Compactness analysis of PCM-based cooling systems for lithium battery-operated vehicles

Abstract

Demand for sustainable transport system is craving for hybrid and electric vehicles with high-power and high-energy electric storage system for increased range of haul. To support such high-power applications, the Li-Ion battery developers’ trends are to formulate batteries with high discharge rate and high ampere rate of up to 100 Ah. Those batteries would suffer from a drastic increase in heat generation rate, which could increase the temperature of the battery above 313 K (40 °C) under the conventional cooling system. Most of the research works proposed direct liquid cooling or liquid cooling plates to attain sufficient cooling for high ampere battery packs.

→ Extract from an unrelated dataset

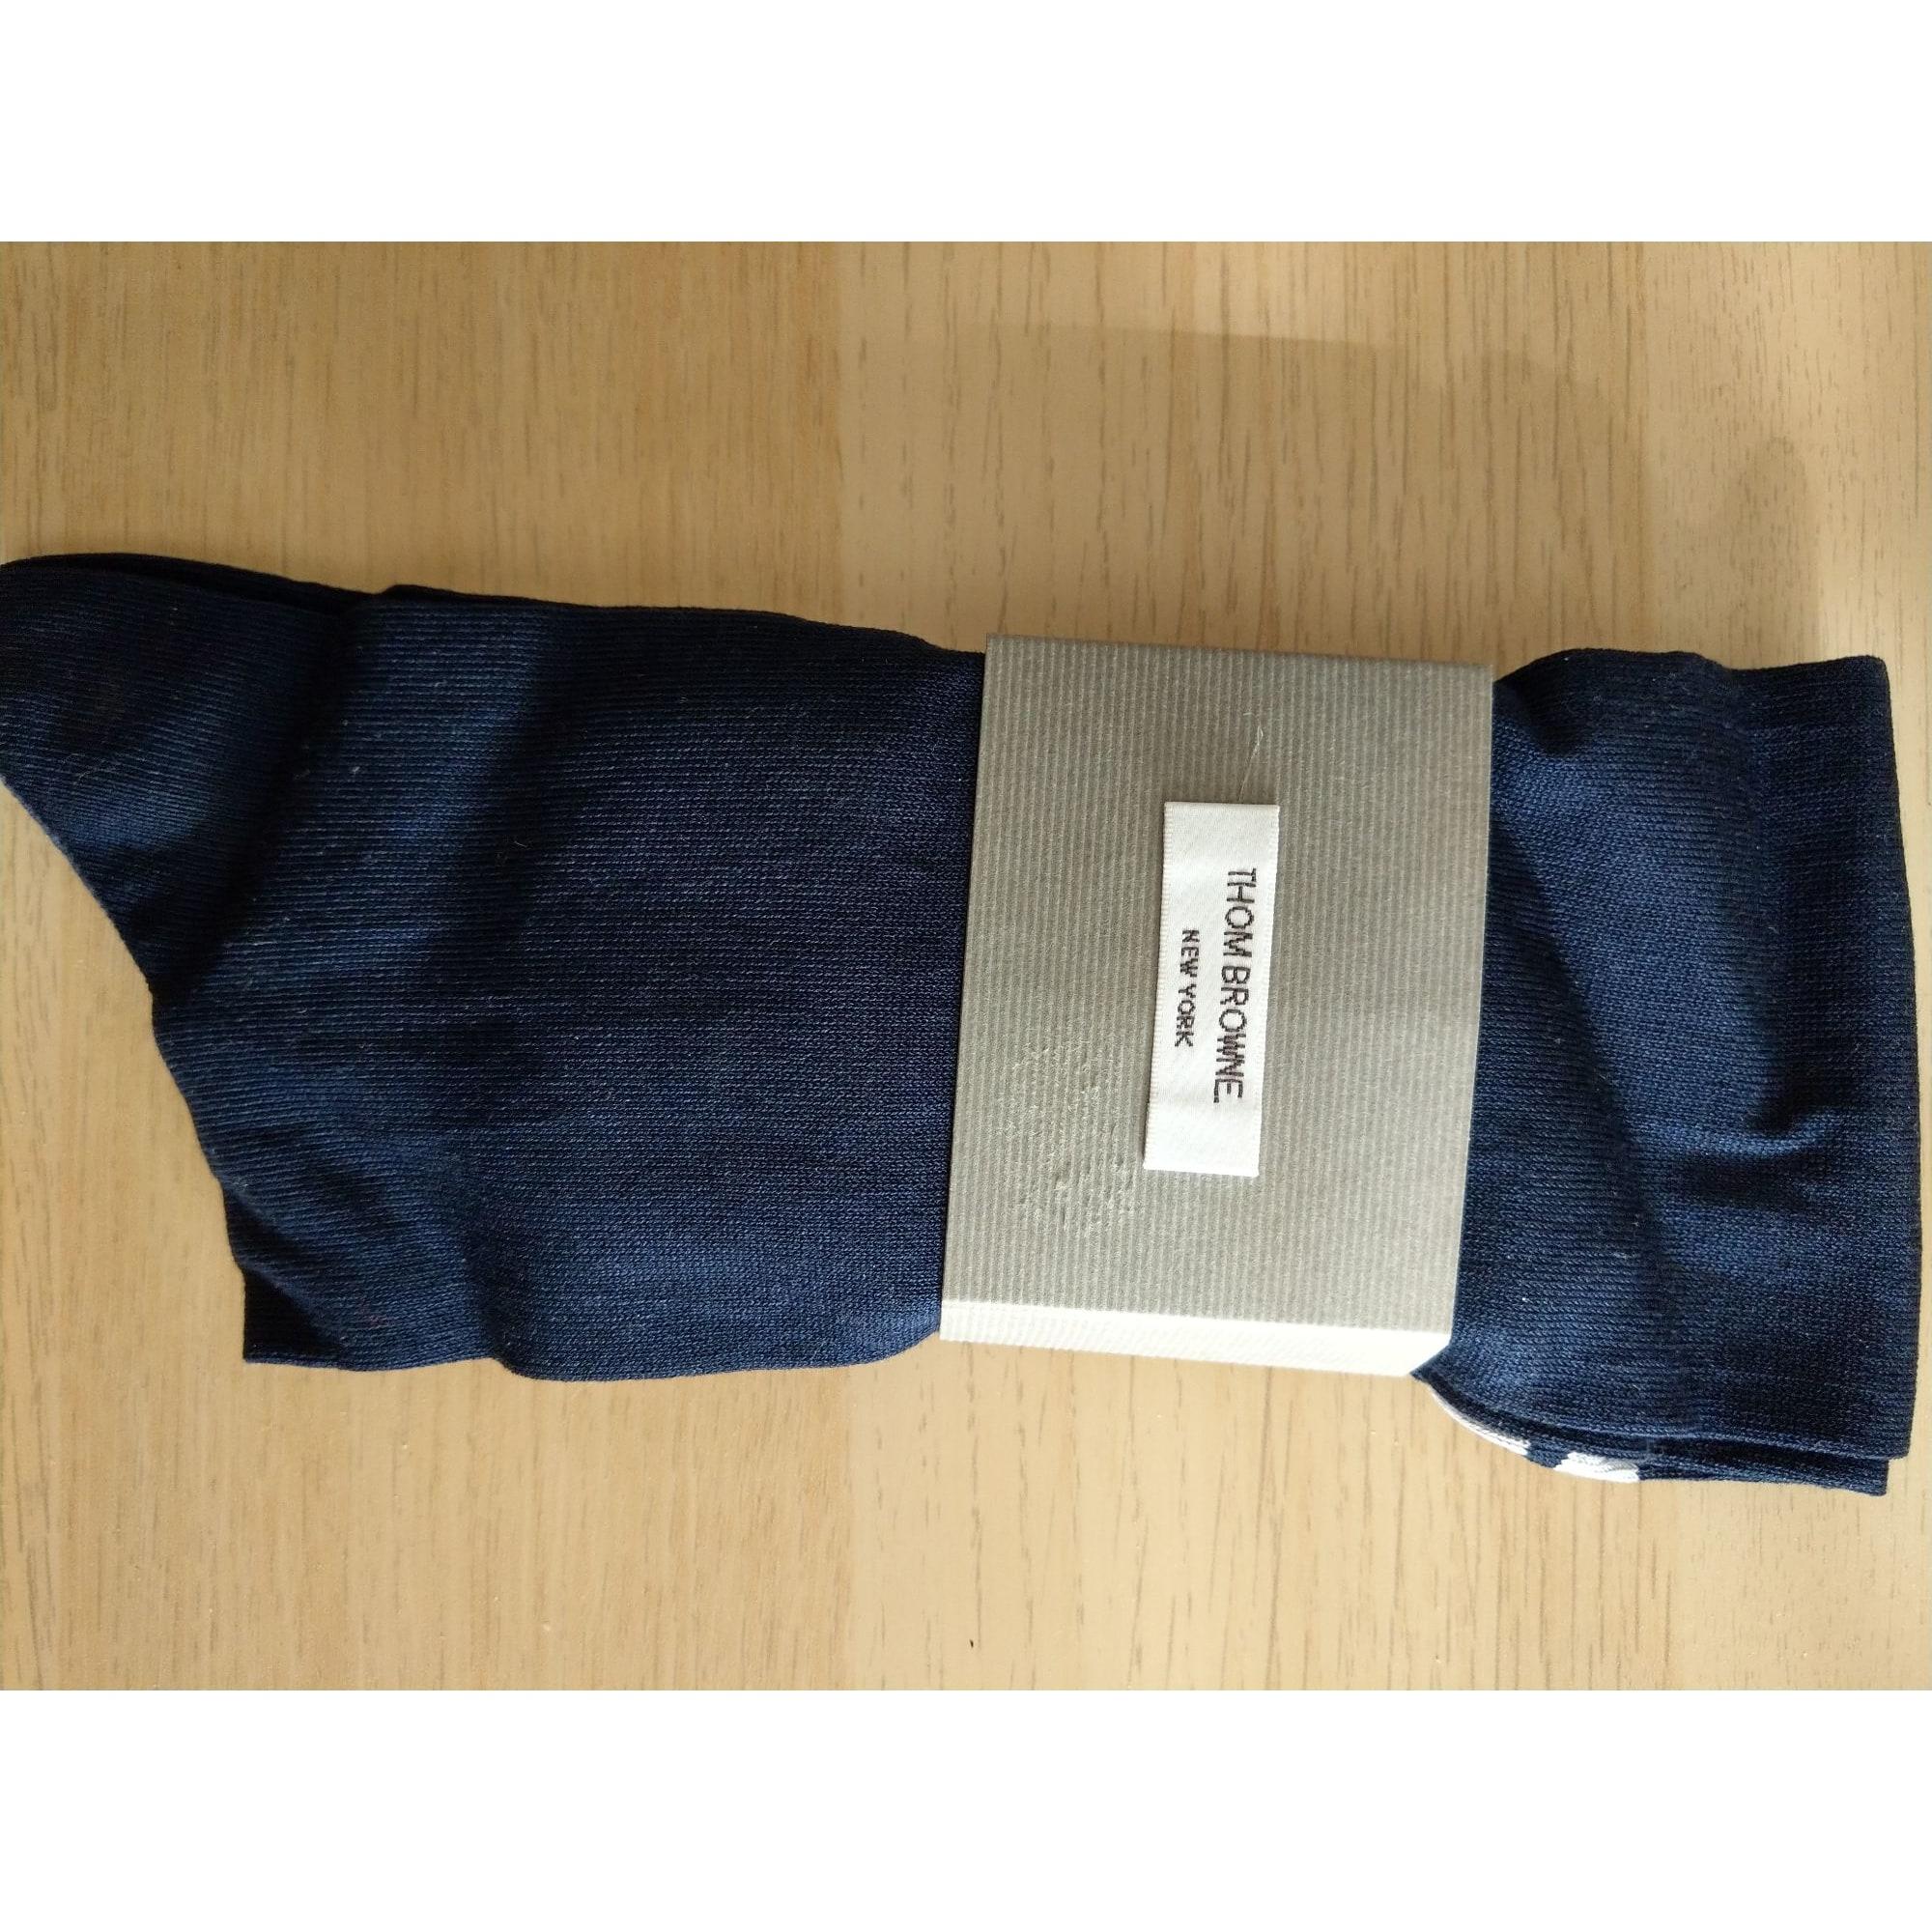 Chaussettes mi-cuisse THOM BROWNE Bleu, bleu marine, bleu turquoise

In the present research, the focus is on a hybrid cooling system that is more versatile in providing a flexible cooling mechanism with various design parameters to control the cooling performance for the battery pack. Through computational fluid dynamics simulations, it is understood that it needs 9 mm thickness for pure phase change material (PCM) cooling system to control the temperature within 313 K (40 °C) for the battery with heat generation rate of 30,046 W/m3. The proposed hybrid cooling system can control the temperature within 313 K (40 °C) for battery with heat generation rate of 120,183 W/m3 applying 6 mm thickness of PCM, thus reducing the overall size of the cooling system by 16.3%. It is also predicted that the hybrid cooling system can further improve its performance by increasing the coolant flow rate beyond 2 L/min. Under the 0.5C discharge condition, hybrid cooling can be manageable with zero pumping losses.